The invention belongs to the field of resources and environment, and in particular relates to a method for extracting phosphorus elements by dissolving phosphate ester in algal slime by utilizing the dissolving properties of dimethyl ether (DME) for organic matter.

Background technique

Cyanobacteria are aquatic organisms that are divided into four categories: Basketballalgae; Oscillatoriasp; Nostoc; Seaweed. When the lake water is seriously polluted by organic pollutants, and the nitrogen and phosphorus content exceeds the standard and is in a state of heavy eutrophication, and then encounters suitable temperature (the temperature is around 18 °C) and other conditions, cyanobacteria may explode and grow wildly. Spirulina is actually green in color, and a large number of floating algae cover the water surface like a sticky "green paint". Experts have given it a beautiful name - cyanobacteria bloom. When cyanobacteria erupt, the dissolved oxygen in the water is consumed by cyanobacteria, and other aquatic organisms such as fish die due to lack of oxygen, and the water body not only changes its color, but also smells bad. For a long time, the lake lost its function and became a dead lake. The basic guiding ideology of cyanobacteria management is: control the input of exogenous nutrients as much as possible; reduce the load of endogenous nutrients; emergency algae removal before and after hydration outbreaks. At present, the main emergency treatment method for cyanobacteria in my country is cyanobacteria salvage. The salvaged cyanobacteria enter the algal water separation station, and form algal sludge after flocculation and dehydration. nutrients such as phosphorus. At present, the commonly used algal sludge disposal methods are landfill, composting, fermentation and drying.

In my country, if 5000t of algae are obtained from the lake every year, it is equivalent to 525t of nitrogen and 62t of phosphorus from the lake. Therefore, for cyanobacteria, it is also a natural resource in itself. Among them, the recovery of phosphorus element is the direction that is more concerned in China at present. DME stripping technology is an emerging technology. Currently, there are preliminary attempts in the fields of coal and sludge dewatering. For example, Simple extraction method of green crude from natural blue-greenmicroalgae by dimethyl ether by Hideki Kanda et al. 1266" provides a simple extraction method for green crude oil from blue-green microalgae with dimethyl ether. The use of dimethyl ether asan organic extraction solvent for biomass applications in future biorefineries: A user-oriented review by Manuel C. Bauer et al. provides the application of dimethyl ether as an organic extraction solvent for biomass in biorefineries.

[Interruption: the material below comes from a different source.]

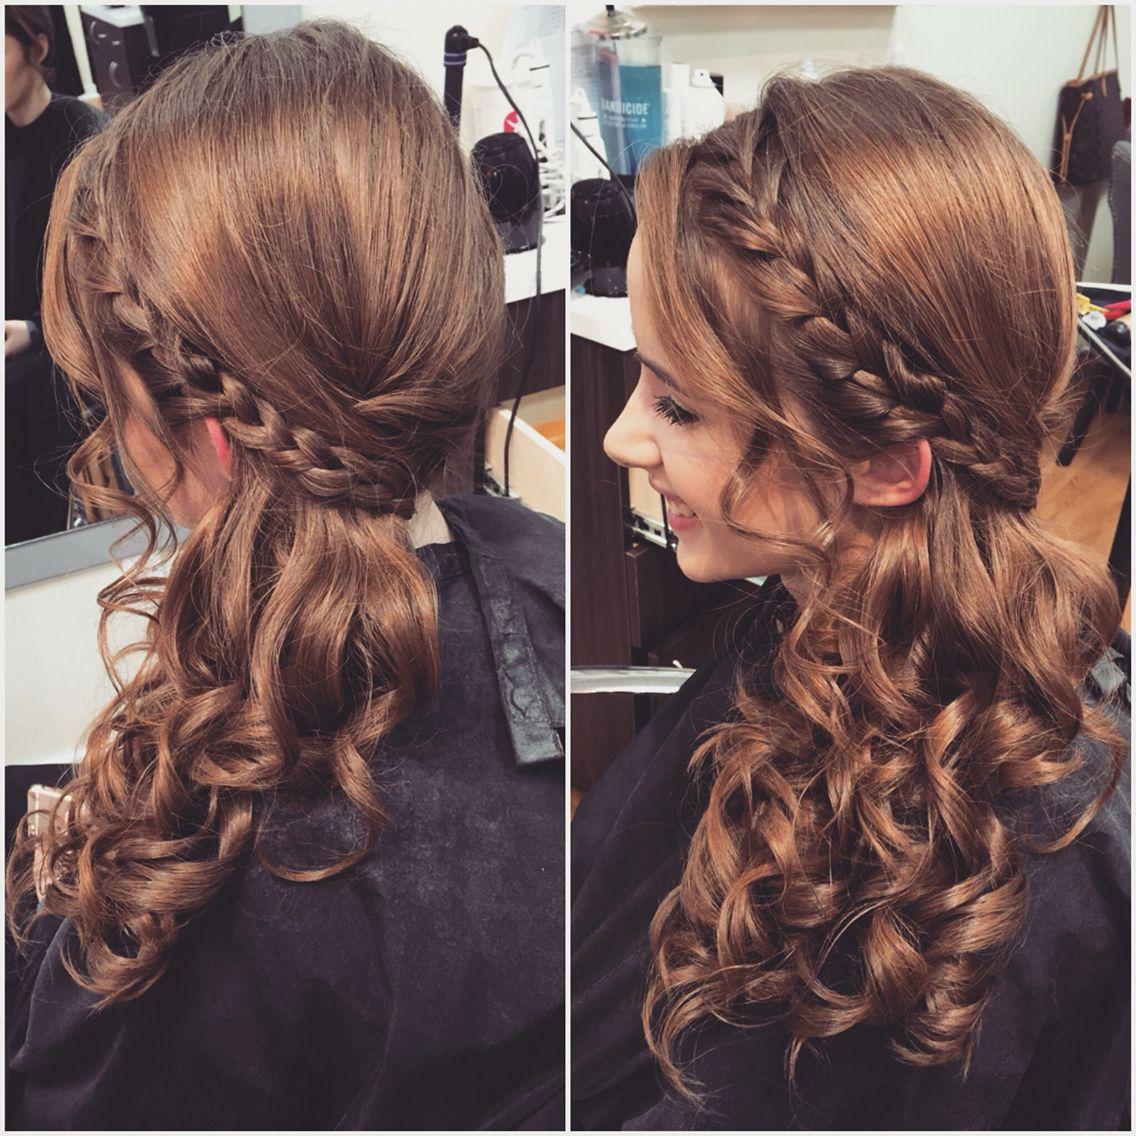 Side Swept Wedding Hair: Side Swept Updo With Braid Done By Tara Tozzi

However, there is no published literature on the method for extracting phosphorus from algal mud using DME.

SUMMARY OF THE INVENTION

In order to overcome the deficiencies of the prior art, the object of the present invention is to provide a method for utilizing dimethyl ether to extract phosphate ester in algal mud, and adjust the polarity of liquid DME by adjusting the reaction parameters, so as to realize the phosphate ester in the algal mud. The selective dissolution of algal sludge allows it to exist in the extraction liquid phase mixture, and then further extract phosphorus elements, so as to achieve the purpose of reducing the amount of algal mud and utilizing it as a resource. The DME in the liquid phase mixture is converted into a gaseous state after decompression, and can be recycled after being liquefied under pressure again, which greatly reduces the use loss of the dimethyl ether solvent.

The present invention is achieved through the following technical solutions:

A method for utilizing dimethyl ether to extract phosphoric acid ester in algal mud, comprising the following steps:

Step (1), place the algal mud in the reactor, after the DME is converted into a liquid state by an air pressure pump, press into the reactor to mix with the algal mud, and use DME to dissolve the phosphate ester of the algal mud;

The chemical formula of dimethyl ether (DME) is: H ₃ COCH ₃ , melting point -138.5 ℃, boiling point -23 ℃, water-soluble 328 g/100 mL (20 ℃), has excellent miscibility, can be with most polar and non-polar Miscible with polar organic solvents. It is a colorless, tasteless and odorless gas under normal temperature and pressure, and a liquid under pressure. In this step, an air pressure pump is used to convert the gaseous DME into a liquid state.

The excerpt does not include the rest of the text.